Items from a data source
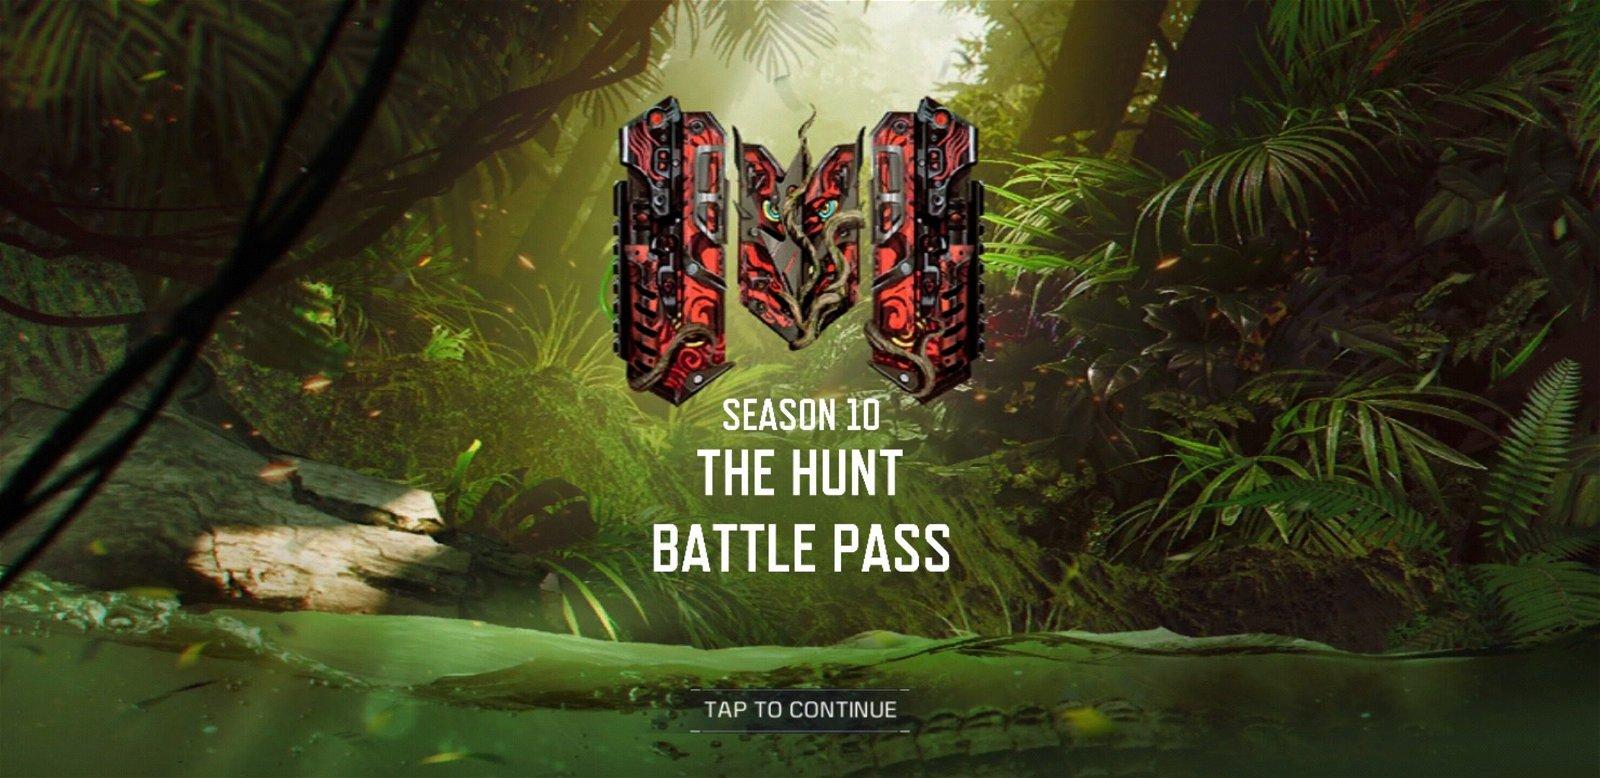 COD Mobile Season 10 Battle Pass
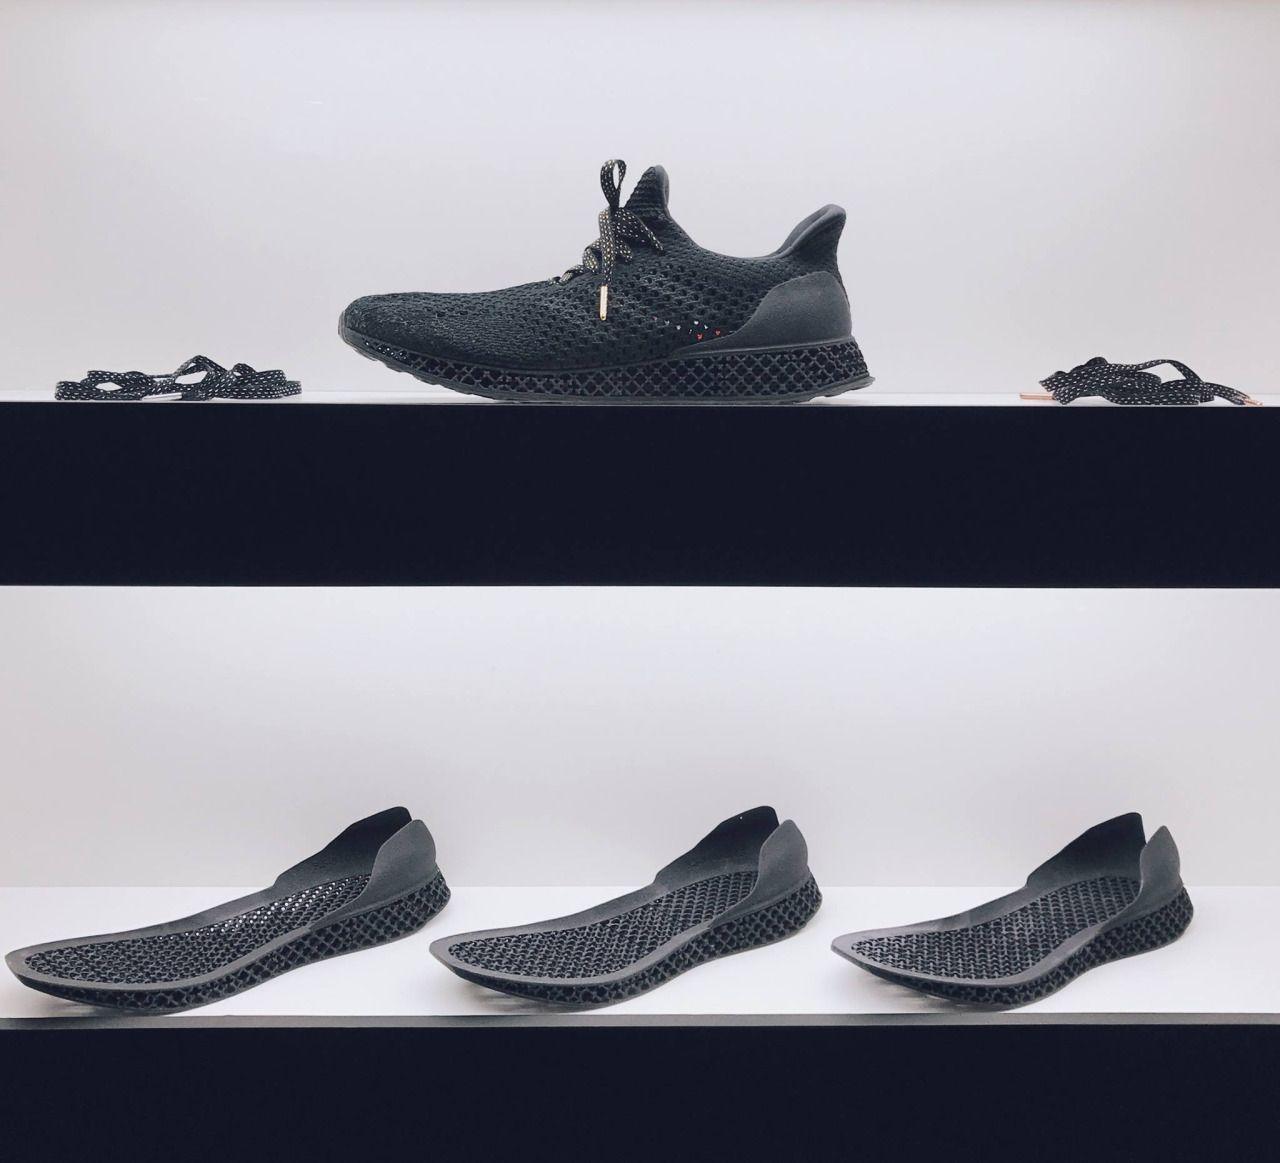 Adidas 3D Runner via sneakerb0b
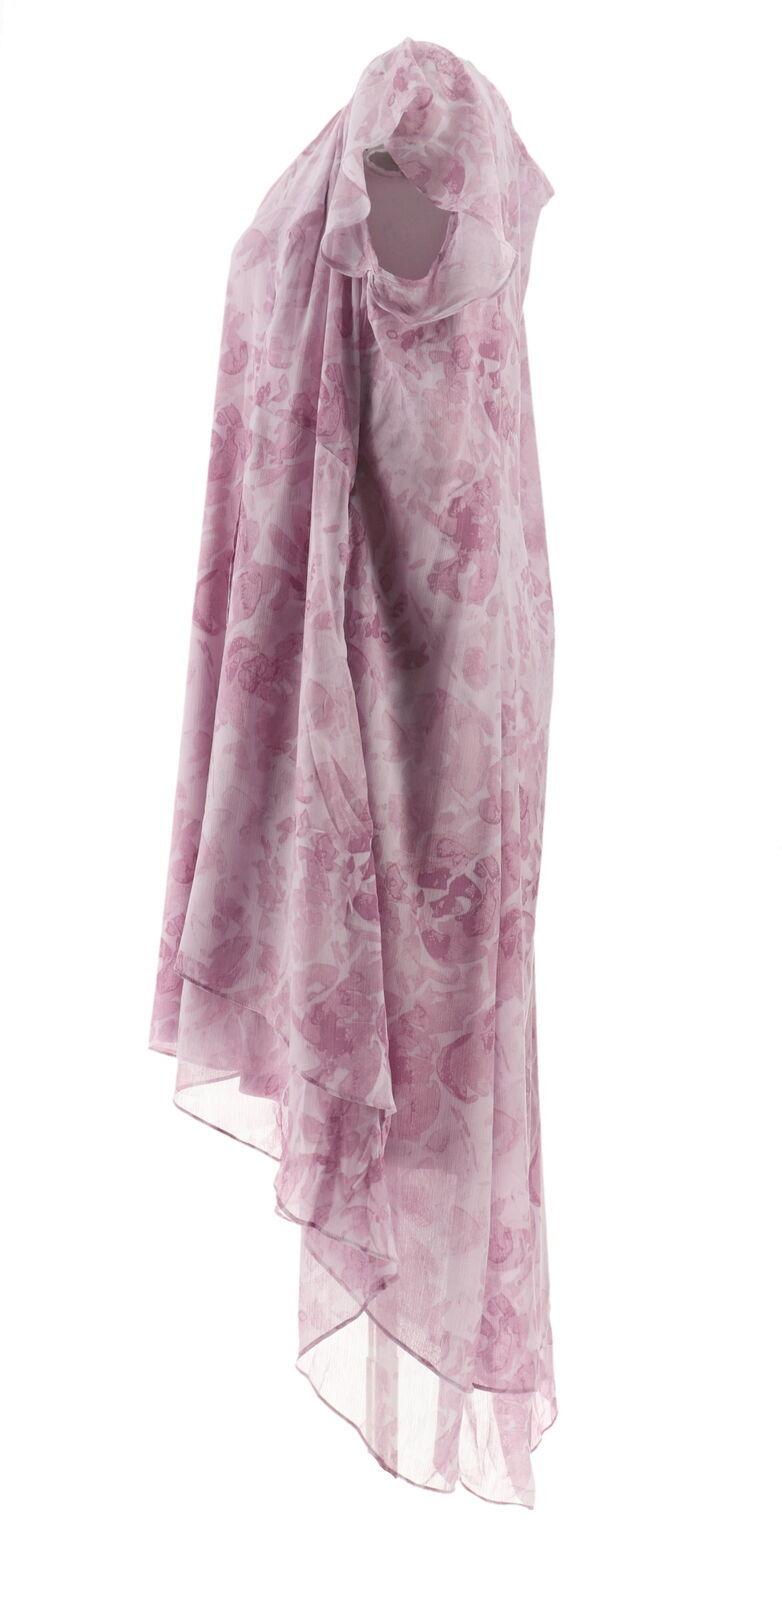 H Halston Petite Rose Print Cap Slv Hi-Low Dress French Lilac 24P NEW A303199 image 2
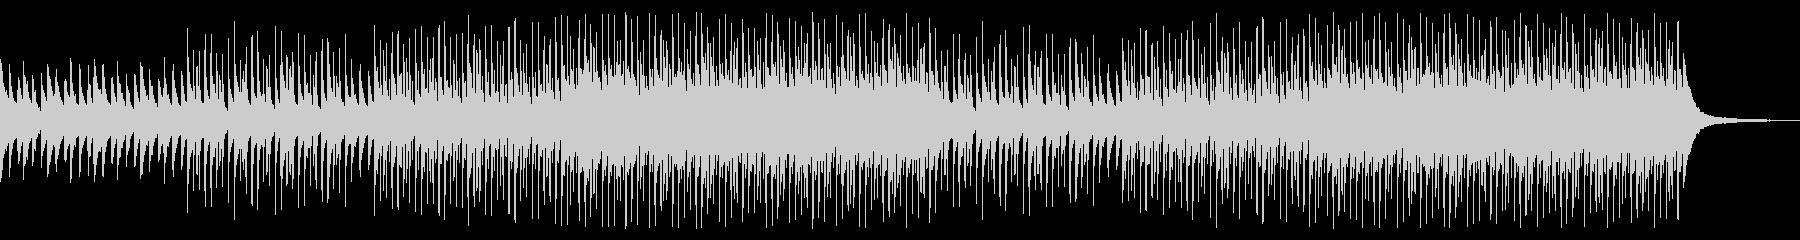 No cymbals Lights Hope Future's unreproduced waveform
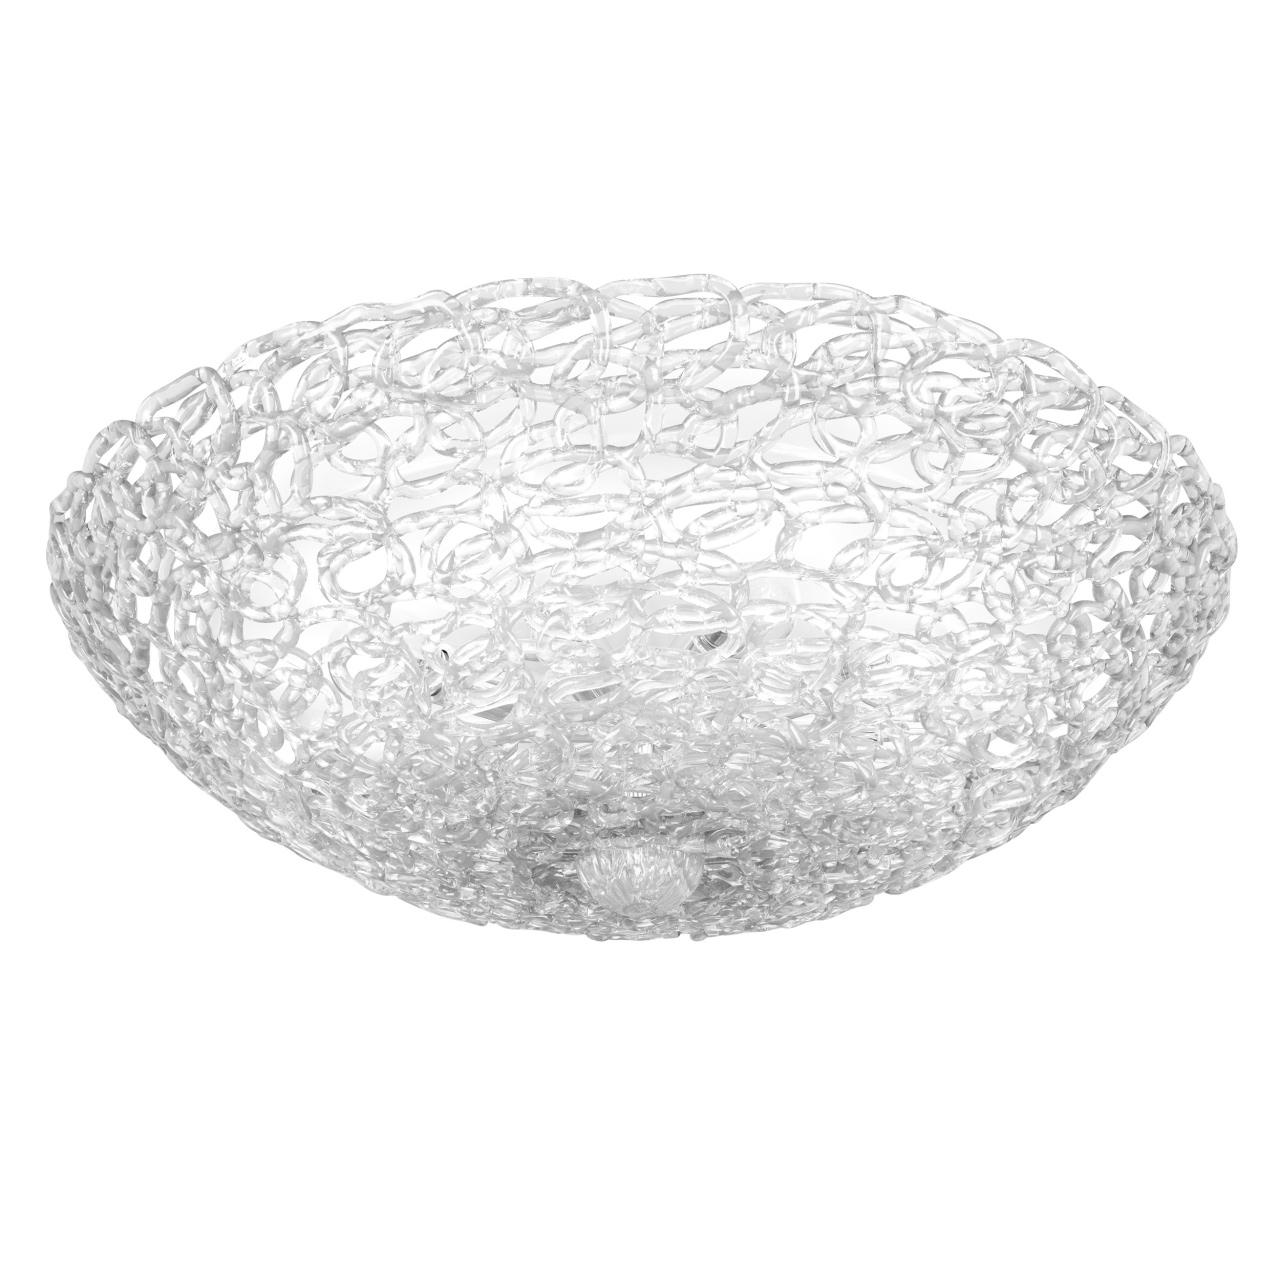 Люстра потолочная Lightstar 603100 Murano

» **EXERCISE**: Only the lines from the one containing "No cymbals Lights" through the final line of the data should be given again, exactly and without pictures.

» **REPLY**:
 No cymbals Lights Hope Future's unreproduced waveform
 Люстра потолочная Lightstar 603100 Murano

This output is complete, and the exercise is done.